Había un trasvase continuo, por ejemplo, entre la parisina Plaza de Tertre y el ‘Santa Catalina Parken’ con su hijuela natural de ‘Ripoche Street’. En pleno Montmartre, al pie de Sacre Coeur, era frecuente tropezarse con pintores ambulantes que en la temporada de invierno ofrecían sus retratos, caricaturas o paisajes en el Puerto de La Luz. Todavía no había empezado el ‘boom’ del sur, sin panza de burro, con la fuga en masa de los turistas. En 1967, Las Canteras y Santa Catalina formaban los polos de atracción de decenas de miles de nórdicos, todos parte del suequerío, que se ponían colorados como perinquenes tendidos al sol, por el día, y que tras las cenas, en los intempestivos horarios europeos de media tarde, tenían como principal punto de encuentro el Santa Catalina, desde donde se distribuían a los cientos de boites y bares hasta bien entrada la madrugada.

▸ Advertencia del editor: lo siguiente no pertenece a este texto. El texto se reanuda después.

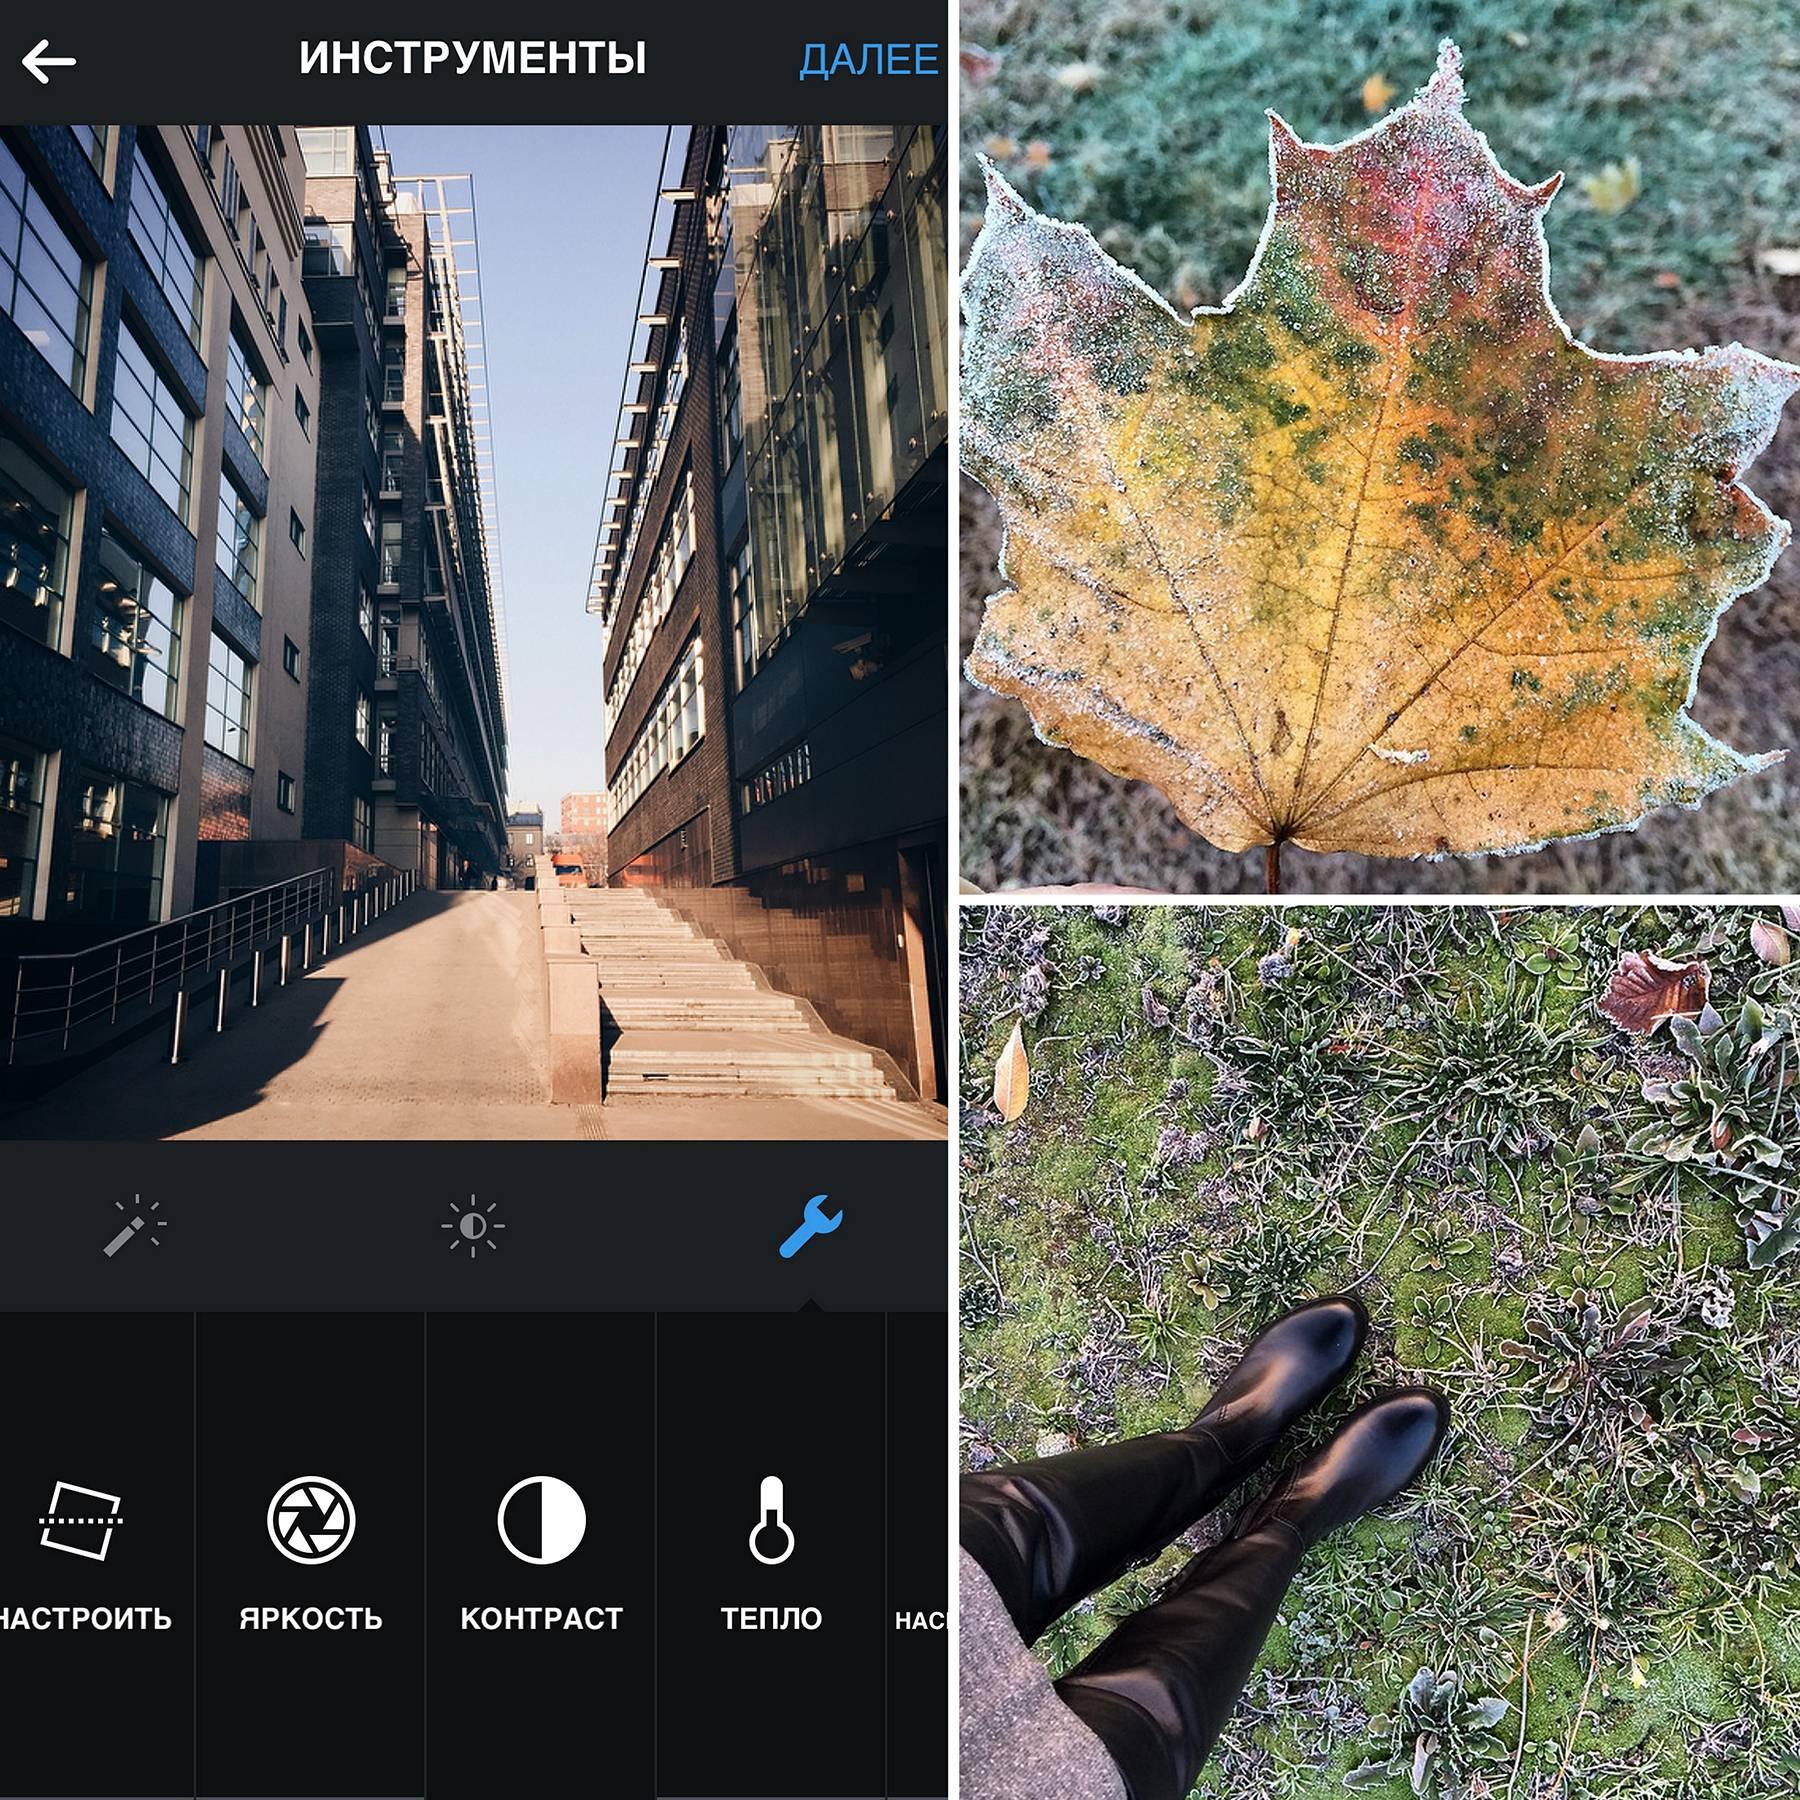 Где обработать фото и видео для инстаграм?

El Parque era como un microclima, una reserva en territorio sioux que tenía su propia fauna invariable. Un conjunto de personajes cuyas peculiaridades los convirtió en un componente vital de la personalidad del recinto (ahora destrozado por el ‘caterpillar’ de la bobería posmoderna) y en un elemento inseparable, aunque a algunos pueda parecer extraordinario, del atractivo turístico de la ciudad. Muchos iban y venían llevados por los vientos que unos meses soplaban hacia Canarias y otros hacía el Mediterráneo, o hacía el tiempo detenido de París o Roma. Pero otros eran genuinamente locales. Parte del paisaje urbano.

LA PROVINCIA había iniciado su segunda etapa en diciembre de 1966. En los primeros meses de 1967, y tras un par de cartas al director y algunas gacetillas o artículos de menor cuantía el director, José Luis Martínez Albertos, encargó al reportero casi adolescente que entrevistara a gente corriente, “a esas personas que están ahí, a la vista de todos, que conocen más los turistas que los de aquí”.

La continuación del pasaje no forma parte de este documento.